Big data analysis’s goal is to draw value from data that has variety, velocity, volume, and veracity. Apply this intentionality to law enforcement, traffic control, telecom, manufacturing, and more.
Gross waste of resources in government systems could be addressed by clever applications of tech to big data, going after fraud, and reducing waste.
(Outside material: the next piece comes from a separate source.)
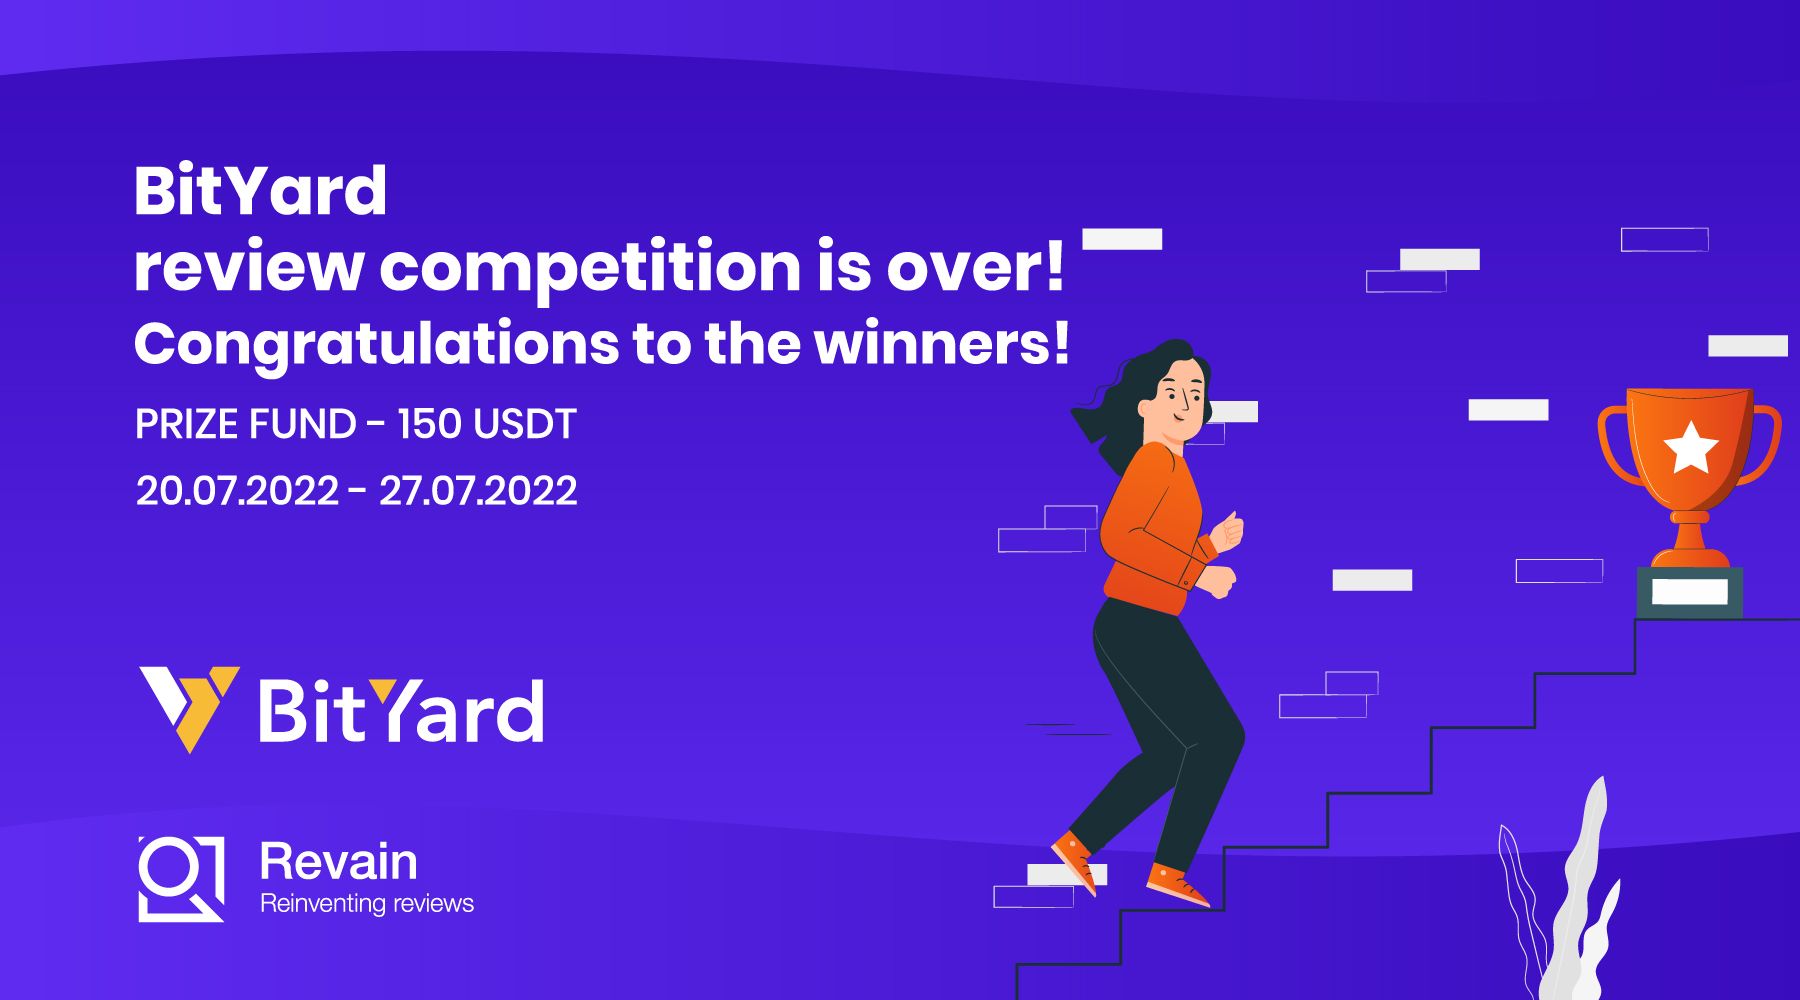 BitYard review competition is over! Congratulations to the winners!

The volume of digital data is expected to double every two years. That goes for you, for me, for the US, for the Library of Congress, etc. Just think how much data you personally store; you are probably creating increasing amounts of personal data with no end in sight. By 2017, the total digital data will surpass the number of stars in the observable universe.

And the more access people have, the more data they create. About two-thirds of the world still does not have access to the Internet, so we can expect our data creation to grow exponentially as more of the world gets connected.
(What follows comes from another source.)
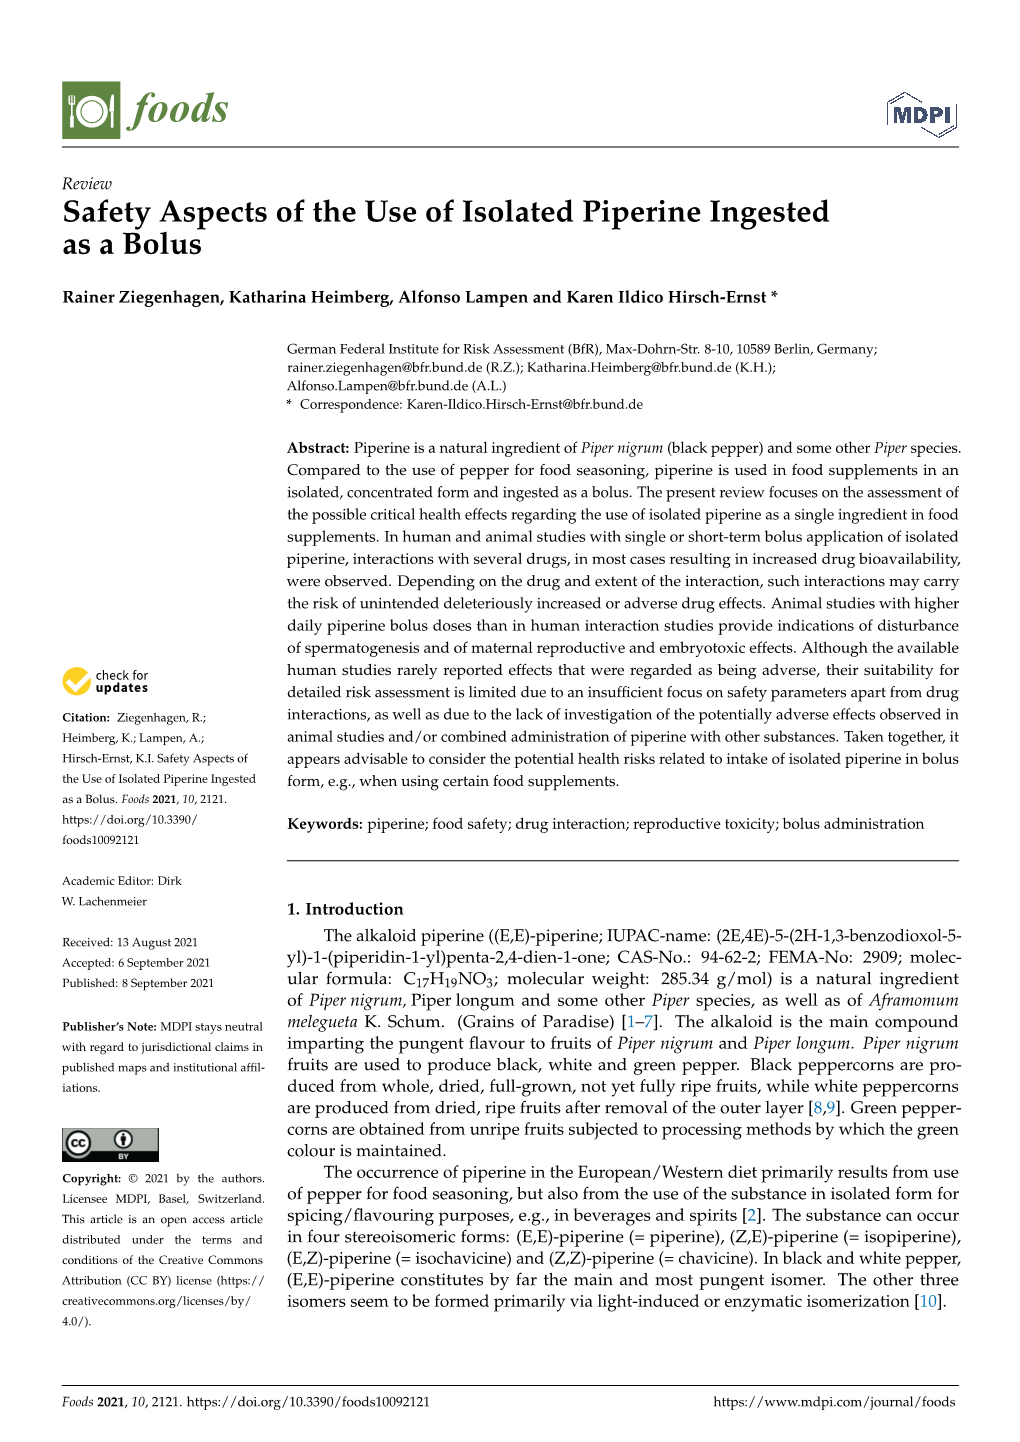 Safety Aspects of the Use of Isolated Piperine Ingested As a Bolus

There were 5.9 trillion text messages sent in 2011. That represents five times more data than the voice data sent via phones. (Phone fact: there are more than 6.3 billion mobile phones out there.)

A picture of the IBM RAMAC disc storage from 1950s. We now can store a thousand times more data on the average memory stick. (http://en.wikipedia.org/wiki/IBM_305_RAMAC )
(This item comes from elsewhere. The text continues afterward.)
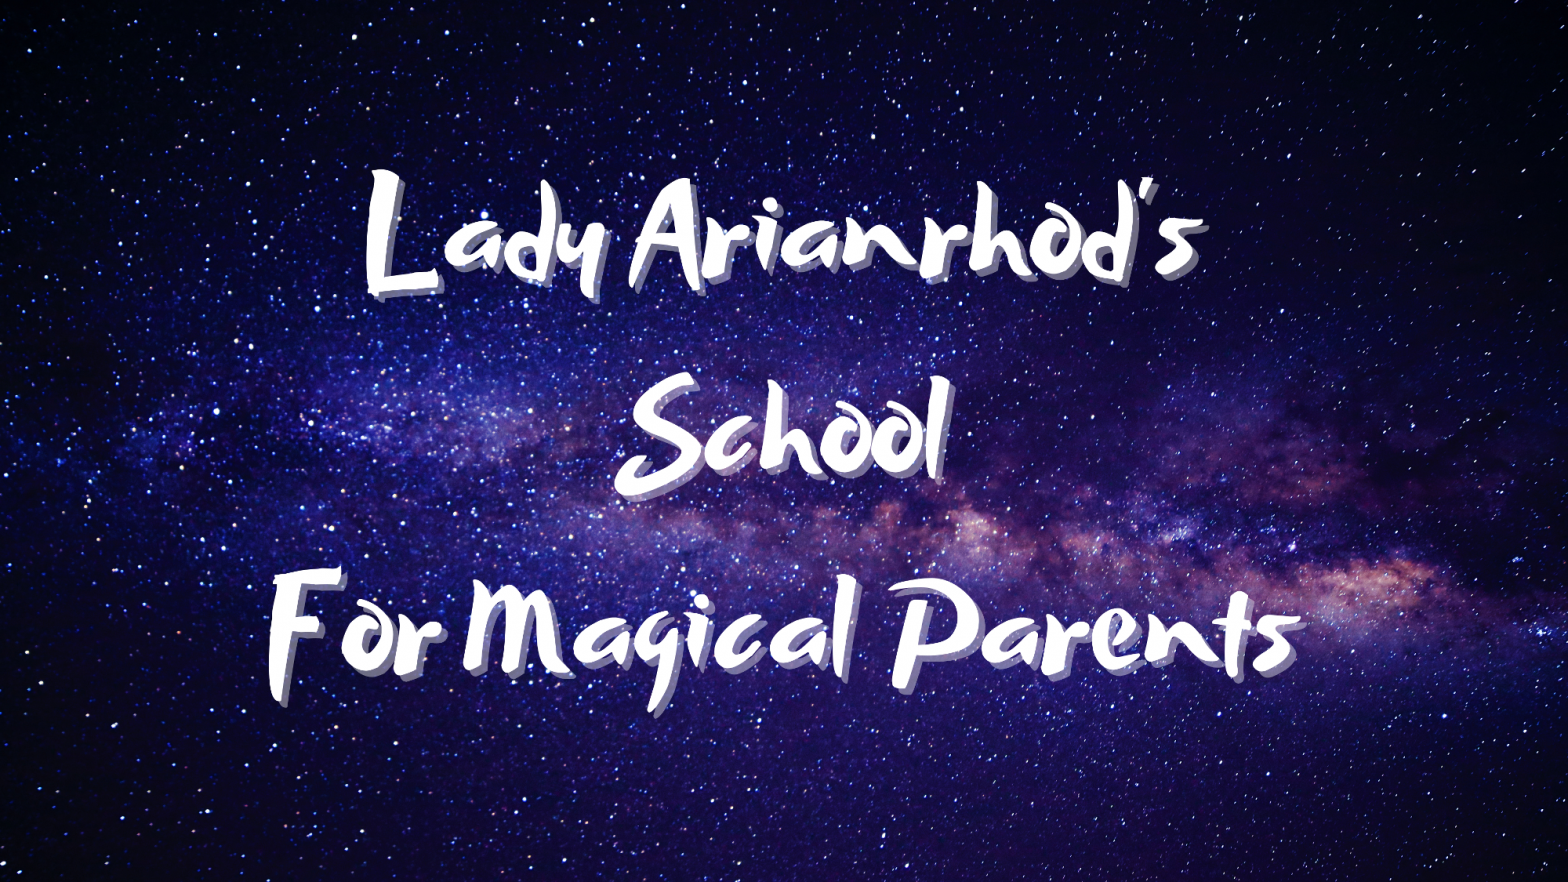 Purple-blue galaxy starfield. White text: Lady Arianrhod's School For Magical Parents

Social interactions as well as mobile communications create almost unimaginable amounts of data. And the type of data is changing: currently, 80 percent of the data being created is now unstructured. (Structured data is data in a relational database. Unstructured is…everything else.) And data is connecting to other data, as refrigerators hook up in a horrifying and obscene way with phones, toasters, tablets, and, ultimately the 2001 Hal computer. (I added that last part, not Dr. Nowka).

Something to think about the next time you take a ride on a plane: it takes a billion lines of code to run the software that runs an airplane. Each engine on a plane generates 10 TB every 30 minutes.

Also, 70 percent of most data is multimedia. Don’t just think of images from your phone. More than a billion medical images were generated in 2012.

Velocity: data is in motion, coming at us at gigabit speed. It can be managed in “real-time” models and used to predict. We can take action based on what the data tells us. Homeland security requires 50 billion records a day; 320 terabytes of deep analysis.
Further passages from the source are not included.